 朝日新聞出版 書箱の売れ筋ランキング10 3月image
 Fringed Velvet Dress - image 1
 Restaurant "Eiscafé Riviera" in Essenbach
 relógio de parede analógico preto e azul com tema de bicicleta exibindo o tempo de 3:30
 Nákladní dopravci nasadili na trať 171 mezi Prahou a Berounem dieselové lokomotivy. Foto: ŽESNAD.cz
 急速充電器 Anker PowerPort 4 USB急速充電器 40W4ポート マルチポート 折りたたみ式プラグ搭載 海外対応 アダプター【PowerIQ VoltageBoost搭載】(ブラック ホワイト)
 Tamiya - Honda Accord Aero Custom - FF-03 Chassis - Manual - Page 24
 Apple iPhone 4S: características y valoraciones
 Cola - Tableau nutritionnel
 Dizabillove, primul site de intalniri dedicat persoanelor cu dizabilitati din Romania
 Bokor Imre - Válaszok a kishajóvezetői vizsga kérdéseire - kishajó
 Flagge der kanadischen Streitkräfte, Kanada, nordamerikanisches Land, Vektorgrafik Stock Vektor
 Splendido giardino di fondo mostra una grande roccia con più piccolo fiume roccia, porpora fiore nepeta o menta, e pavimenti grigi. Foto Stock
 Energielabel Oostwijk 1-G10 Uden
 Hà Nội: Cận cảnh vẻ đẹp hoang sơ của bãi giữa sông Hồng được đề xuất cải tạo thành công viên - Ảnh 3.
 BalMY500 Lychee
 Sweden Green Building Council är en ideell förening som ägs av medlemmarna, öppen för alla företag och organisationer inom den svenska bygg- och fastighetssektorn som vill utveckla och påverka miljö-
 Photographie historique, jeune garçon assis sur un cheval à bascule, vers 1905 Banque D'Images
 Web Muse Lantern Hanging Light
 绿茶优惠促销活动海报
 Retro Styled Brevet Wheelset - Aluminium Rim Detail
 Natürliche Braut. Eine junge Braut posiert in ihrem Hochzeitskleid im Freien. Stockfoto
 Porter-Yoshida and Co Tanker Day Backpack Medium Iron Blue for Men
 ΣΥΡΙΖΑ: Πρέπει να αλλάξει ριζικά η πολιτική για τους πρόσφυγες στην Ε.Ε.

○ ○ ○

Take the records above and copy them out exactly.

 朝日新聞出版 書箱の売れ筋ランキング10 3月image
 Fringed Velvet Dress - image 1
 Restaurant "Eiscafé Riviera" in Essenbach
 relógio de parede analógico preto e azul com tema de bicicleta exibindo o tempo de 3:30
 Nákladní dopravci nasadili na trať 171 mezi Prahou a Berounem dieselové lokomotivy. Foto: ŽESNAD.cz
 急速充電器 Anker PowerPort 4 USB急速充電器 40W4ポート マルチポート 折りたたみ式プラグ搭載 海外対応 アダプター【PowerIQ VoltageBoost搭載】(ブラック ホワイト)
 Tamiya - Honda Accord Aero Custom - FF-03 Chassis - Manual - Page 24
 Apple iPhone 4S: características y valoraciones
 Cola - Tableau nutritionnel
 Dizabillove, primul site de intalniri dedicat persoanelor cu dizabilitati din Romania
 Bokor Imre - Válaszok a kishajóvezetői vizsga kérdéseire - kishajó
 Flagge der kanadischen Streitkräfte, Kanada, nordamerikanisches Land, Vektorgrafik Stock Vektor
 Splendido giardino di fondo mostra una grande roccia con più piccolo fiume roccia, porpora fiore nepeta o menta, e pavimenti grigi. Foto Stock
 Energielabel Oostwijk 1-G10 Uden
 Hà Nội: Cận cảnh vẻ đẹp hoang sơ của bãi giữa sông Hồng được đề xuất cải tạo thành công viên - Ảnh 3.
 BalMY500 Lychee
 Sweden Green Building Council är en ideell förening som ägs av medlemmarna, öppen för alla företag och organisationer inom den svenska bygg- och fastighetssektorn som vill utveckla och påverka miljö-
 Photographie historique, jeune garçon assis sur un cheval à bascule, vers 1905 Banque D'Images
 Web Muse Lantern Hanging Light
 绿茶优惠促销活动海报
 Retro Styled Brevet Wheelset - Aluminium Rim Detail
 Natürliche Braut. Eine junge Braut posiert in ihrem Hochzeitskleid im Freien. Stockfoto
 Porter-Yoshida and Co Tanker Day Backpack Medium Iron Blue for Men
 ΣΥΡΙΖΑ: Πρέπει να αλλάξει ριζικά η πολιτική για τους πρόσφυγες στην Ε.Ε.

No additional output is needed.